**Provided data**.

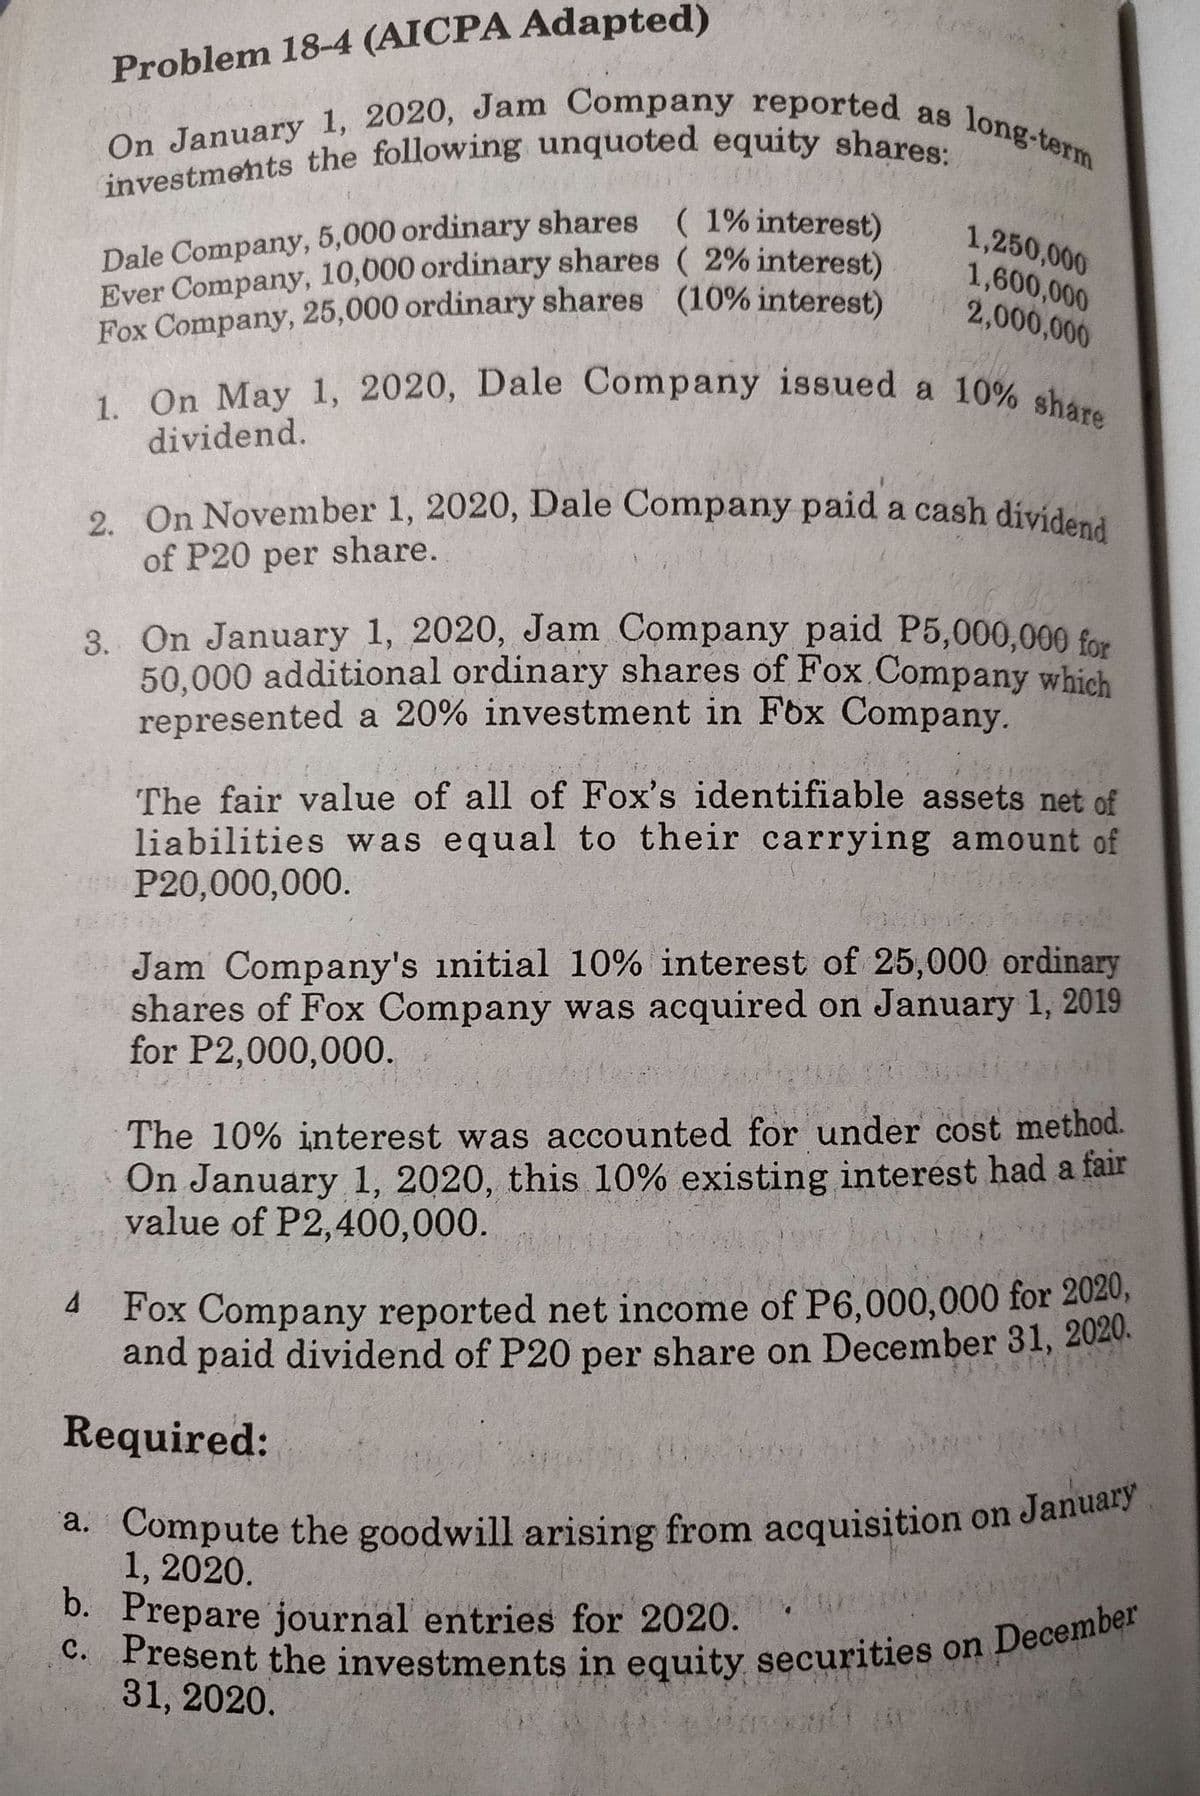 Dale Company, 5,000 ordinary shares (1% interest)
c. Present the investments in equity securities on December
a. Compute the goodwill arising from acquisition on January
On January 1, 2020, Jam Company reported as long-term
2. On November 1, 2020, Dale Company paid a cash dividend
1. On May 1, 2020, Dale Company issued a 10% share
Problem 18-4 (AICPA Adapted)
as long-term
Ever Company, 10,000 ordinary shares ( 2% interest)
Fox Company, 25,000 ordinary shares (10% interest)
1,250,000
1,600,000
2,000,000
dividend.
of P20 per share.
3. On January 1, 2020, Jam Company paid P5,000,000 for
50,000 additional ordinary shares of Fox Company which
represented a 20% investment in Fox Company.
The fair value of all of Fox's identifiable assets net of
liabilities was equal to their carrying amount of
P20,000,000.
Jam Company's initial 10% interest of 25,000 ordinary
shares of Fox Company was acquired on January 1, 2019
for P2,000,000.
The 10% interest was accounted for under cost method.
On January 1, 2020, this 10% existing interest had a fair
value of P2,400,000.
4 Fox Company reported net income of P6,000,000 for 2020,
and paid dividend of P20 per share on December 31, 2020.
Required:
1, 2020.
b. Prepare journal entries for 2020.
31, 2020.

**About this exercise**.
Restate the material word for word from its first line through the line containing "value of P2,400,000.", both included; the pictures do not belong in it.

**Result of the task**.
 Dale Company, 5,000 ordinary shares (1% interest)
c. Present the investments in equity securities on December
a. Compute the goodwill arising from acquisition on January
On January 1, 2020, Jam Company reported as long-term
2. On November 1, 2020, Dale Company paid a cash dividend
1. On May 1, 2020, Dale Company issued a 10% share
Problem 18-4 (AICPA Adapted)
as long-term
Ever Company, 10,000 ordinary shares ( 2% interest)
Fox Company, 25,000 ordinary shares (10% interest)
1,250,000
1,600,000
2,000,000
dividend.
of P20 per share.
3. On January 1, 2020, Jam Company paid P5,000,000 for
50,000 additional ordinary shares of Fox Company which
represented a 20% investment in Fox Company.
The fair value of all of Fox's identifiable assets net of
liabilities was equal to their carrying amount of
P20,000,000.
Jam Company's initial 10% interest of 25,000 ordinary
shares of Fox Company was acquired on January 1, 2019
for P2,000,000.
The 10% interest was accounted for under cost method.
On January 1, 2020, this 10% existing interest had a fair
value of P2,400,000.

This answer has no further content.